I don’t think George was ready for that. And I could never find a way to meet him authentically while I was acutely feeling the prospect of losing him.

Finally, late this last summer, the chasm began to be bridged. But I was still on the periphery of his life. That felt peculiar to me, because of the intimacy we had had over the years.

It pained me. I feared that I had misread our relationship over the years—a fear that spilled over from the final year of my mother’s life.

George weighed heavily on my mind and heart. Then I remembered the story he had told me about being on the cable car, and wrote a draft of a poem that came out of that memory.

When I spoke to him the Friday before Thanksgiving, he seemed like the George I had known over the years. Whatever shield he had put up to cope with his illness and impending death had come down, as had my fear of misinterpreting our relationship.

We found a project to work on together—preparing for publication the blog he had posted that tracked his journey from diagnosis to search for wellness to acceptance that he would not recover from the illness to his preparation for death.

I prepared a design for the publication and sent it to him. The next time we talked, it was clear that he was starting to drift. “I know I haven’t been there for you, Karen,” he said.

I assured him that he had always been there for me.

It occurred to me that in this brief exchange, we had acknowledged the distance that had occurred between us and that it didn’t matter. What mattered was the connection, and that distance had not broken it, only covered it in the fog of everyday living.

I don’t regret the distance—our lives just took us in directions that created the fog. We each had to pay attention to what our lives demanded.

Maitri was home to George in his final days. His request was that following his death, he lie in repose there for three days. His request was based, as far as I know, on several traditions that believe that the soul stays connected to the body for three days after death.

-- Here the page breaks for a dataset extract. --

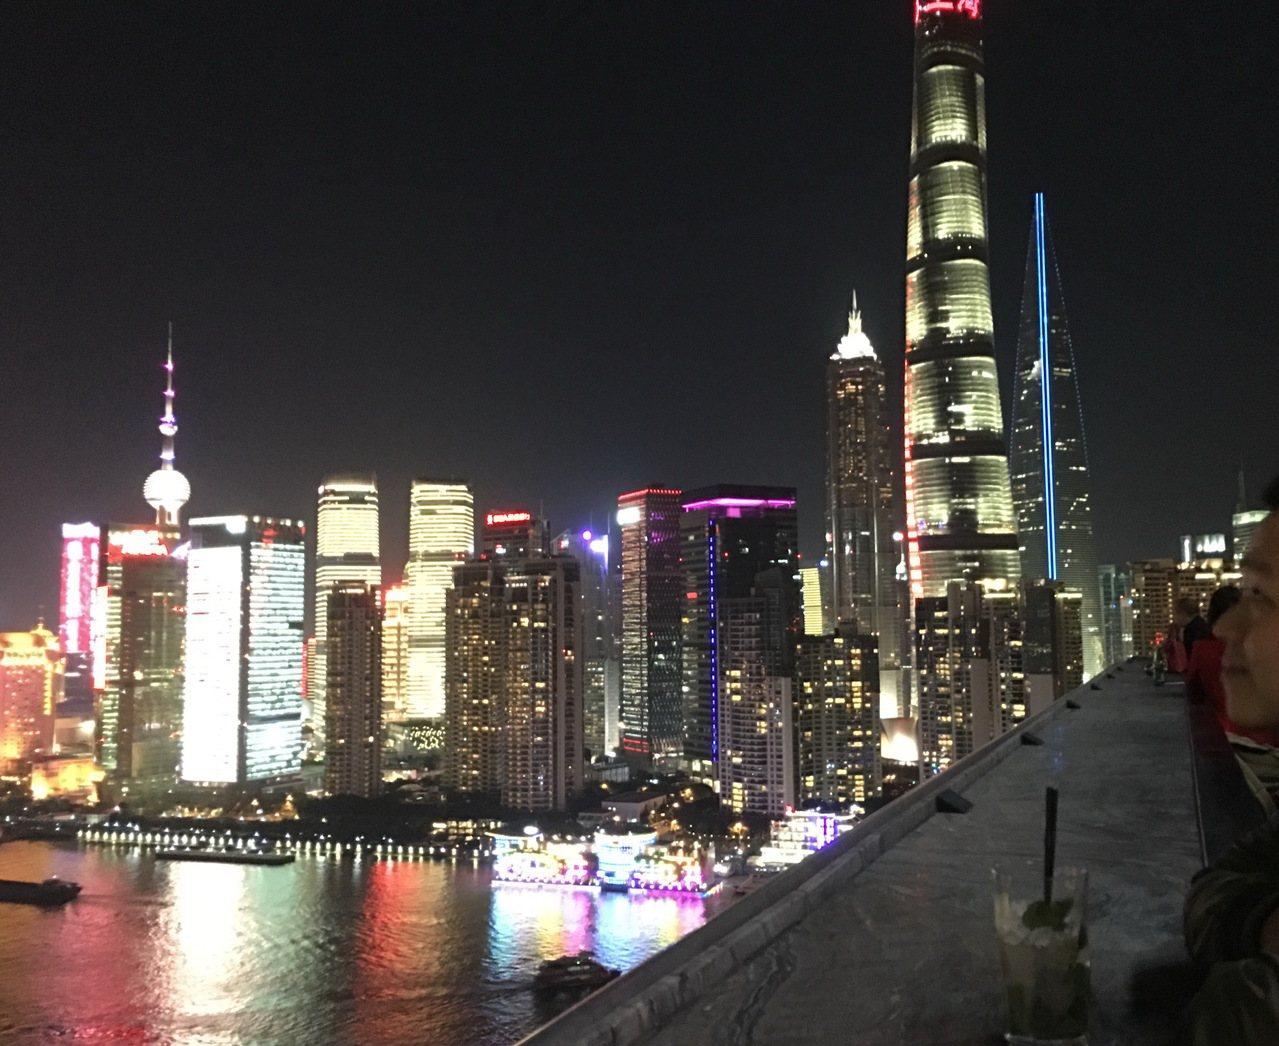 第12輪中美經貿高級別磋商將於7月30、31日在上海重啟,且未來中美經貿談判也可...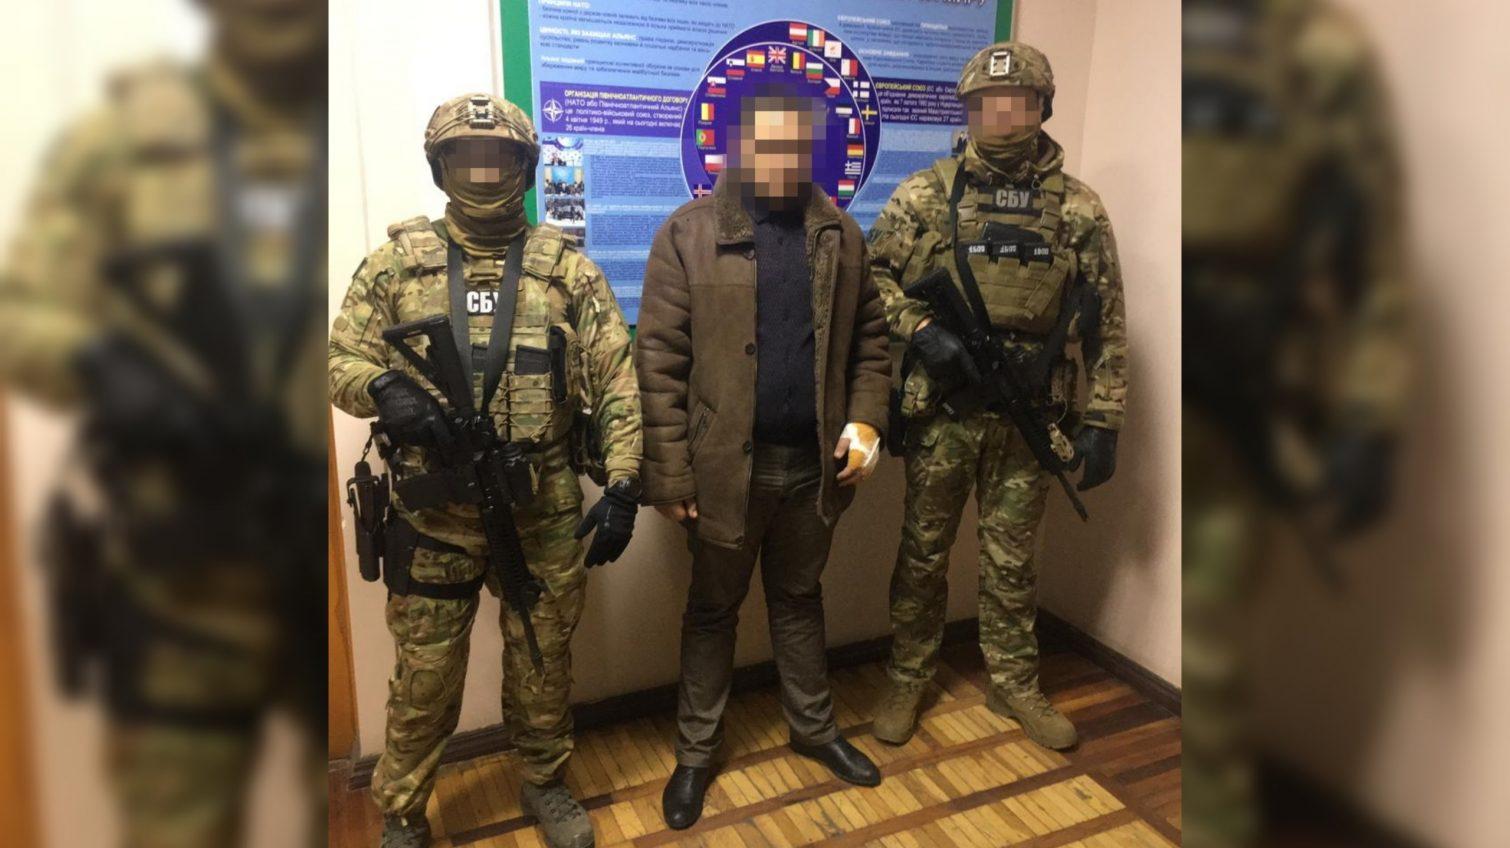 В Одесской области СБУ задержала командира диверсантов ЛНР (фото, видео) «фото»

I received the call about George’s passing on Thursday evening as we were having dinner with our friend, Rob. He had come over for dinner and to play music with Tom. The two (Tom on piano, Rob on saxaphone) played for me, their music carrying me through the first shock of grief and loss.

I woke on Friday and knew that it was important for me to sit with George.

The staff had prepared his body, washing it with water scented with cinnamon and vanilla. He looked very natural lying in the bed, a soft green comforter covering him. His mouth, as rigor set in, had formed the beginning of a smile. He looked as if he was at peace with himself.

Others had come to sit with him as well. As we spoke, I kept expecting him to open his eyes and join us, felt that in many ways he was there with us.

I will miss George. I want more. I want more of those times that George and I talked on the phone, met over dinner, went to the symphony together. We came away each time energized, with new insights about the course of our lives.

I want more.

One of the gifts George gave me was to help me send my demons scurrying. His dying forced me to see that life has an expiration date—and that it was time for me to embrace my life, instead of keeping it at arms length through guilt and shame. Without guilt and shame to nourish them, demons quickly fade away.

It feels strange to have someone who shared a particular moment in a time of my life gone. George was a touchstone. I fully expected that we would grow old together, sitting on the park bench like bookends.

I carry those memories of times we shared alone now.

I believe that, as a culture, if we can figure out how to have compassionate birth and compassionate death, that everything else will fall into place.

George did his part through his actions in life and his dying to show us what compassionate death means.

And on Friday, as I sat with George, there was only beauty, peace, and the grandeur of death.